Enge Verwandtschaft verband die EBERSBERGER mit den EPPENSTEINERN,
deren Vorfahren als Graf im Ufgau an der unteren Isar um Dingolfing und
Landshut begegnen. Im 10. Jahrhundert verlagerte sich ihre Tätigkeit
in die Steiermark, wo sie an der oberen Enns, an der Mur um Judenburg und
Leoben sowie im Mürztale vier Grafschaften innehatten und ihren festen
Hauptsitz errichteten: Burg Eppenstein überwacht auf ragender
Höhe bei Judenburg die Salzstraße zwischen Aussee, Klagenfurter
Becken und Lavant. Einer der ihren erbaute als Markgraf zur Ungarnabwehr
im Grazer Becken die Hengstburg und siedelte ringsum Vasallen an. Über
Streubesitz verfügten die EPPENSTEINER
bis südwärts ins Canatal, nach Friaul und Krain. Noch bestand
der größte Teil dieser Erwerbungen aus slawischen Weilern inmitten
öder Gebirge und menschenleerer Wälder, doch machte die Erschließung
durch deutsche Ministerialen und Bauern Fortschritte. OTTO
III. schenkte dem bewährten Hause im Jahre 1000 hundert
Königshufen nach freier Wahl, wahrscheinlich um Piber, Voitsberg und
St. Lambrecht zum weiteren Ausbau. Wohl blieben die Grafen zum Besuch herzoglicher
Hoftage in Bayern verpflichtet, doch markgräfliche Sonderrechte und
die wachsende Zahl ihrer Vasallen verschafften ihnen im Bereich der späteren
Steiermark eine allen Standesgenossen weit überragende Machtstellung.

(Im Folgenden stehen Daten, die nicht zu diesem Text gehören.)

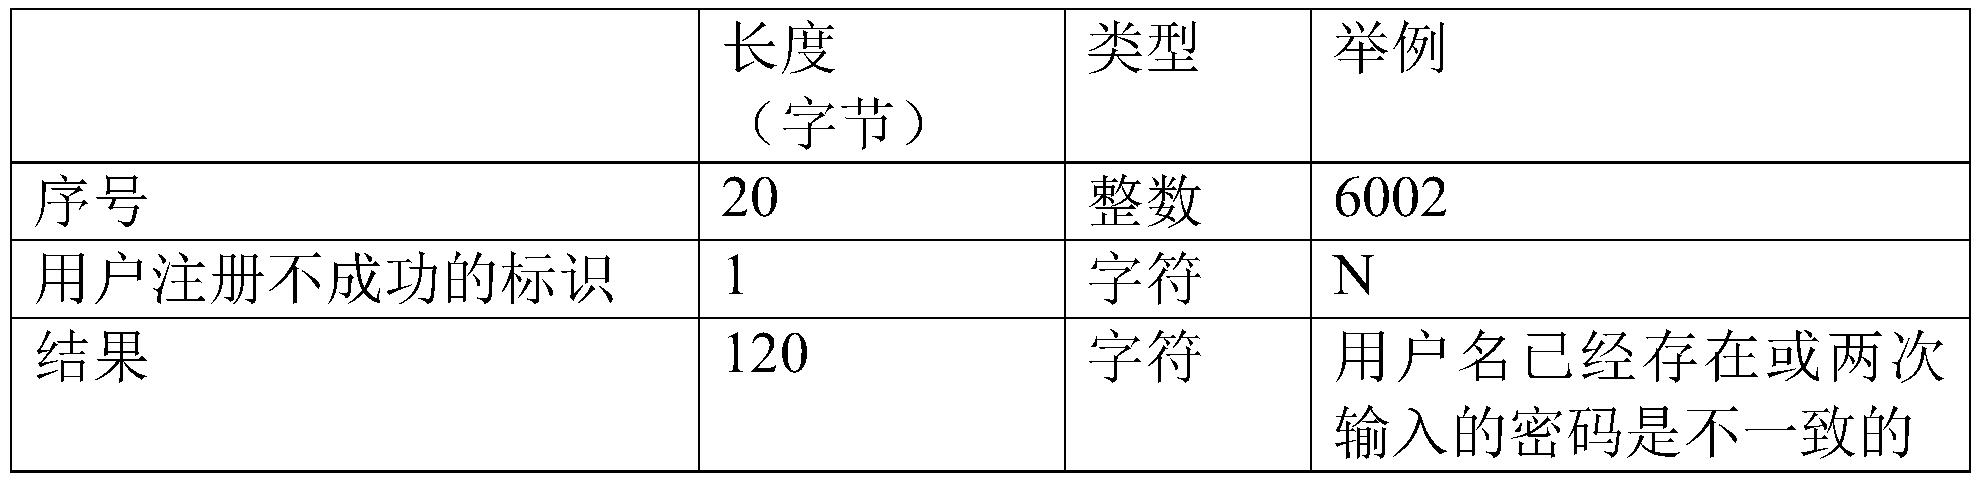 Figure PCTCN2017071103-appb-000001

1011 erhob HEINRICH II. Adalbero
zum
Herzog von Kärnten. Die durch dessen Mutter begründete Nähe
zu den EBERSBERGERN gab ihm Rückhalt in Bayern. Er selbst vermählte
sich mit der KONRADINERIN Beatrix von Schwaben,
woraus sich Erbstreitigkeiten mit dem salischen
Schwager KONRAD ergaben. Die tiefere
Ursache für die Entzweiung beider, die wenig Aussicht für eine
ehrliche Versöhnung ließ, mag in Adalberos
Griff nach der zuvor salischen Herzogswürde
gelegen haben. Auch innerhalb Kärntens machte sich der stolze Mann
unter seinen Standesgenossen Feinde.